Dataset records Start Marker

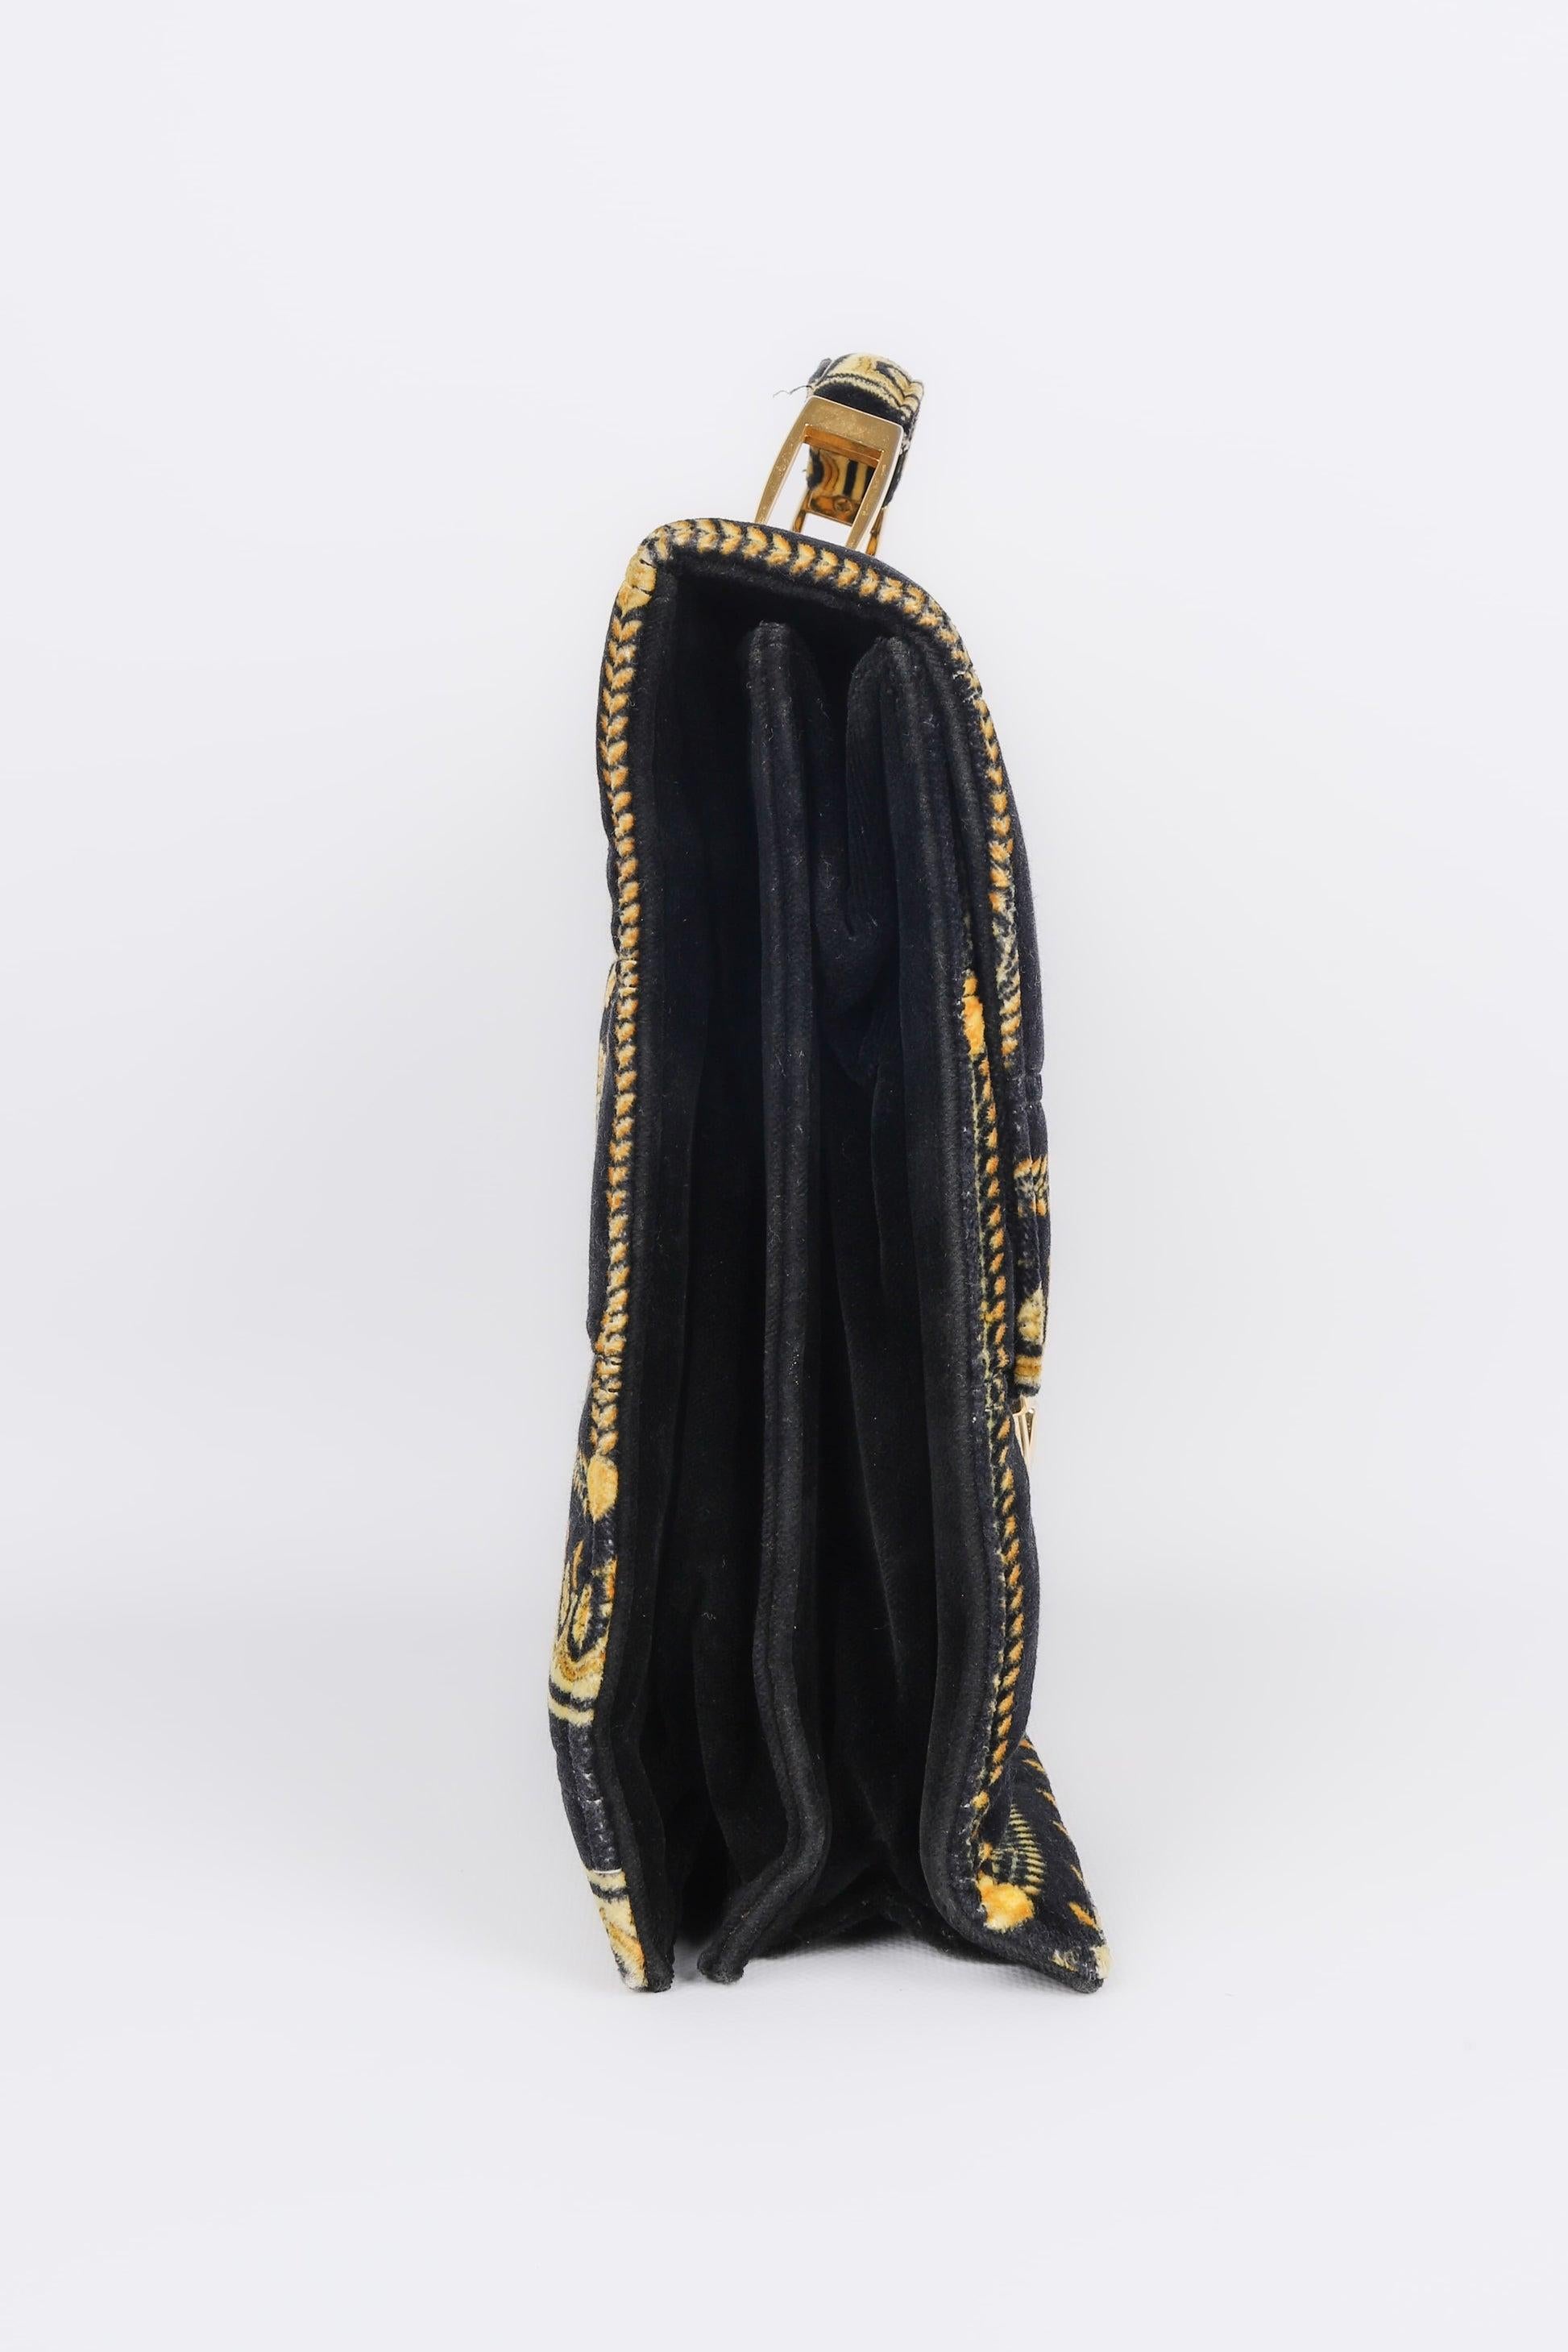 Versace - (Made in Italy) Black velvet bag with golden patterns and golden metal elements.

Additional information:
Condition: Good condition
Dimensions: Length: 33 cm - Height: 27 cm - Depth: 12 cm - Handle: 21 cm

Seller Reference: S189
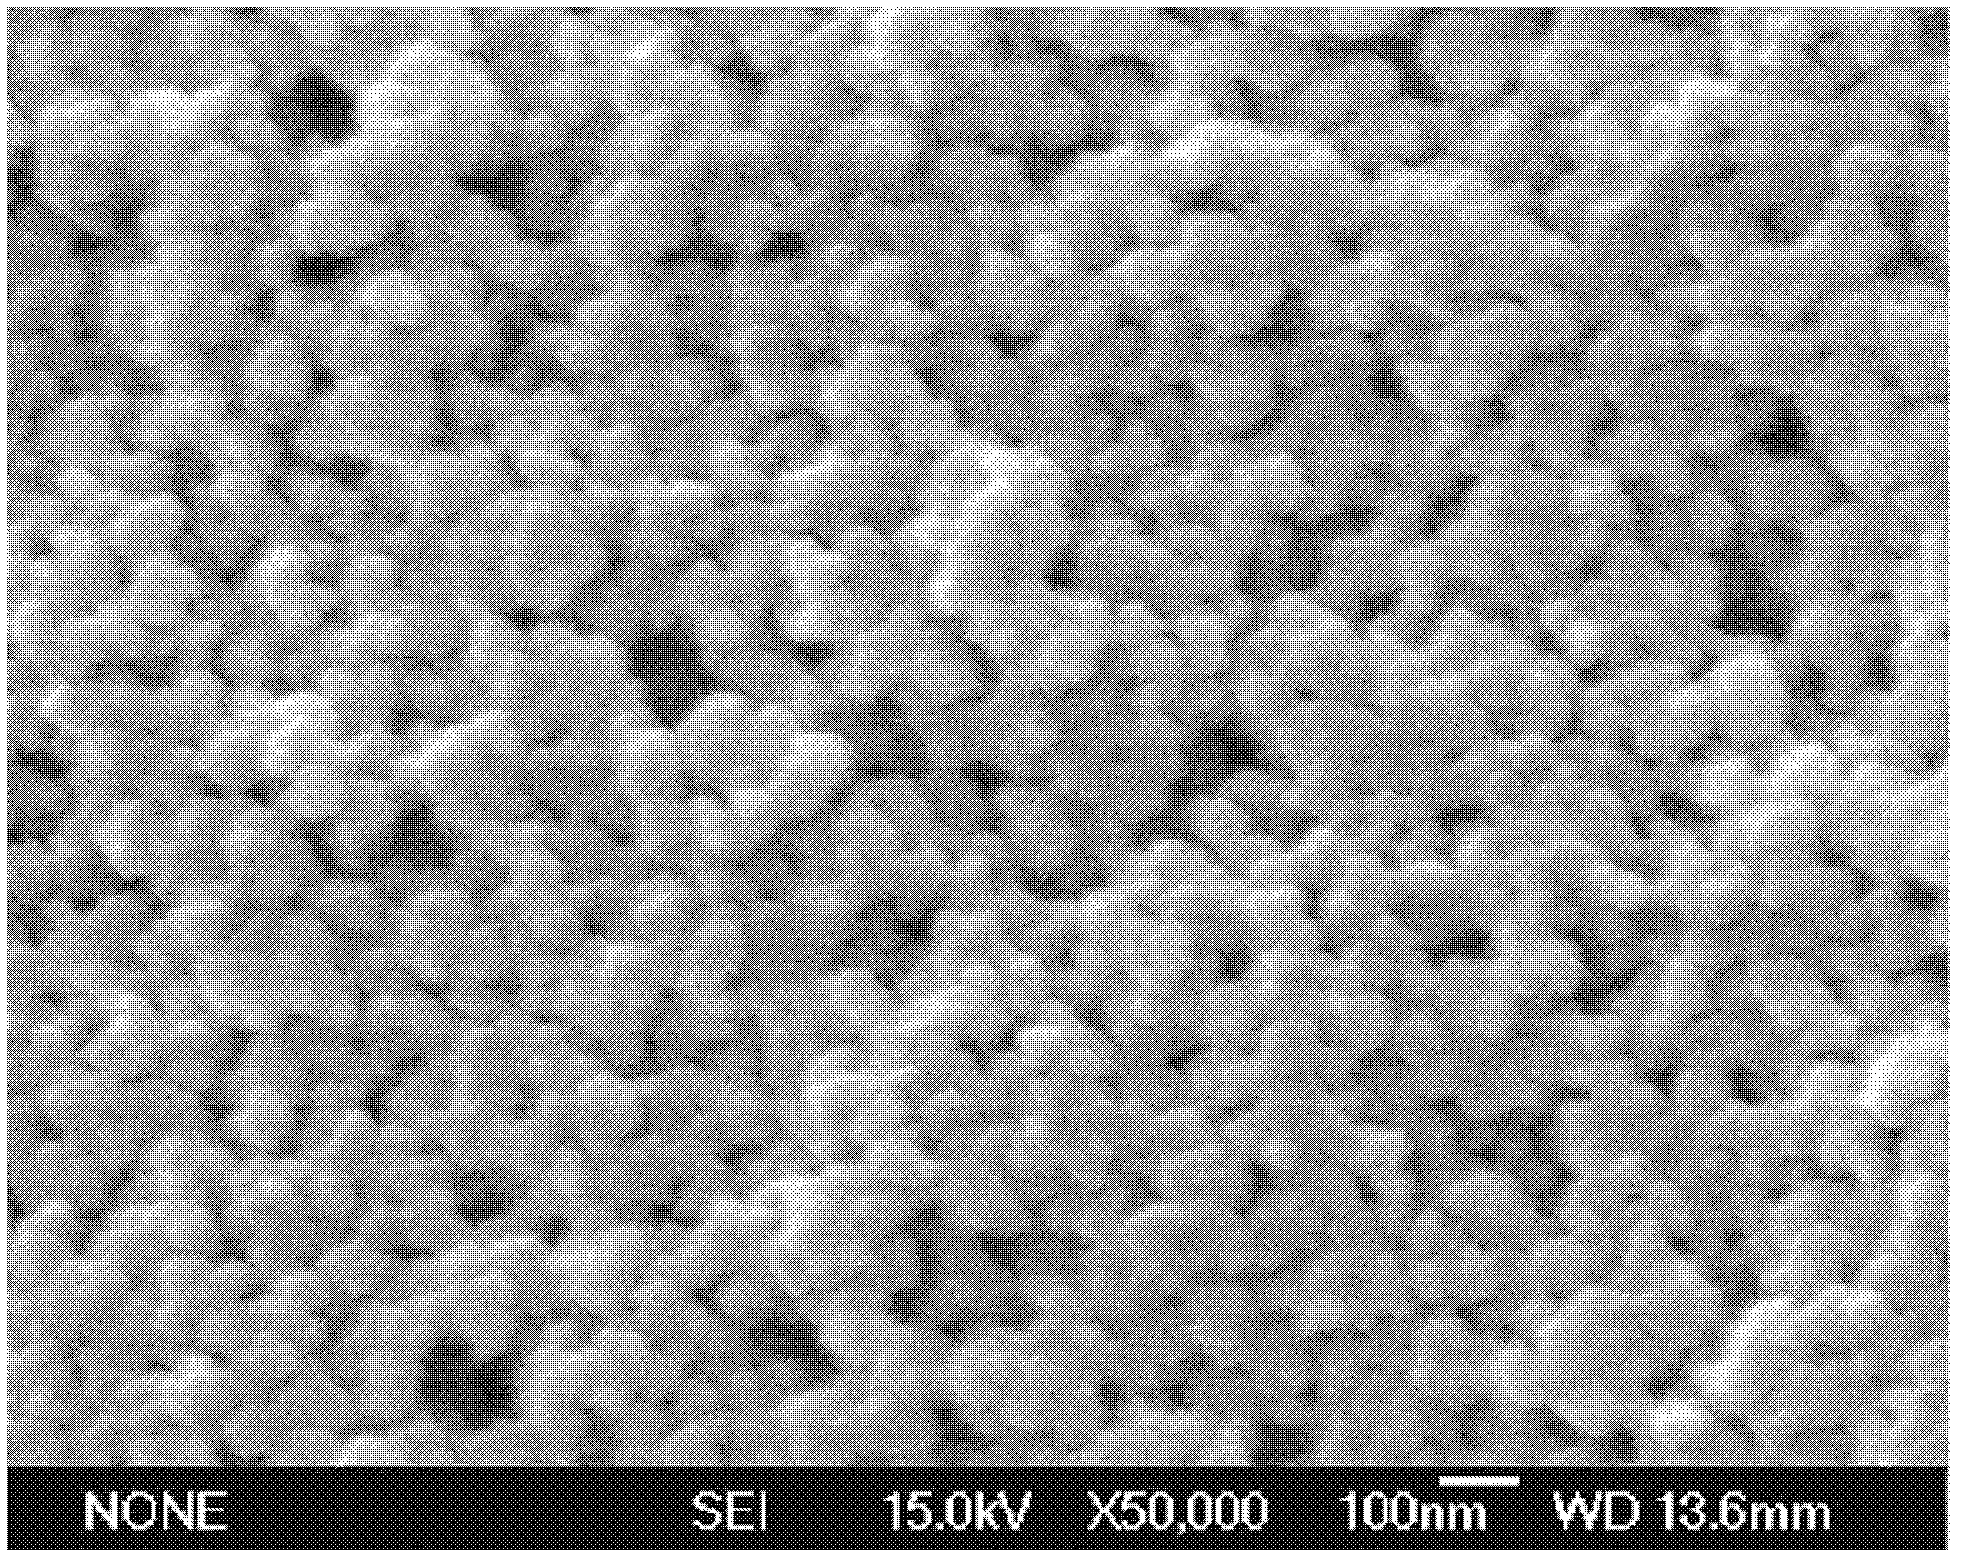 Method for preparing lithium iron phosphate/carbon composite material by using aniline

Dataset records End Marker

What you are asked to do – With the pictures omitted, print precisely the lines from the one with "Condition: Good condition" to the final line of the records, both included.

Response to this exercise –
Condition: Good condition
Dimensions: Length: 33 cm - Height: 27 cm - Depth: 12 cm - Handle: 21 cm

Seller Reference: S189
 Method for preparing lithium iron phosphate/carbon composite material by using aniline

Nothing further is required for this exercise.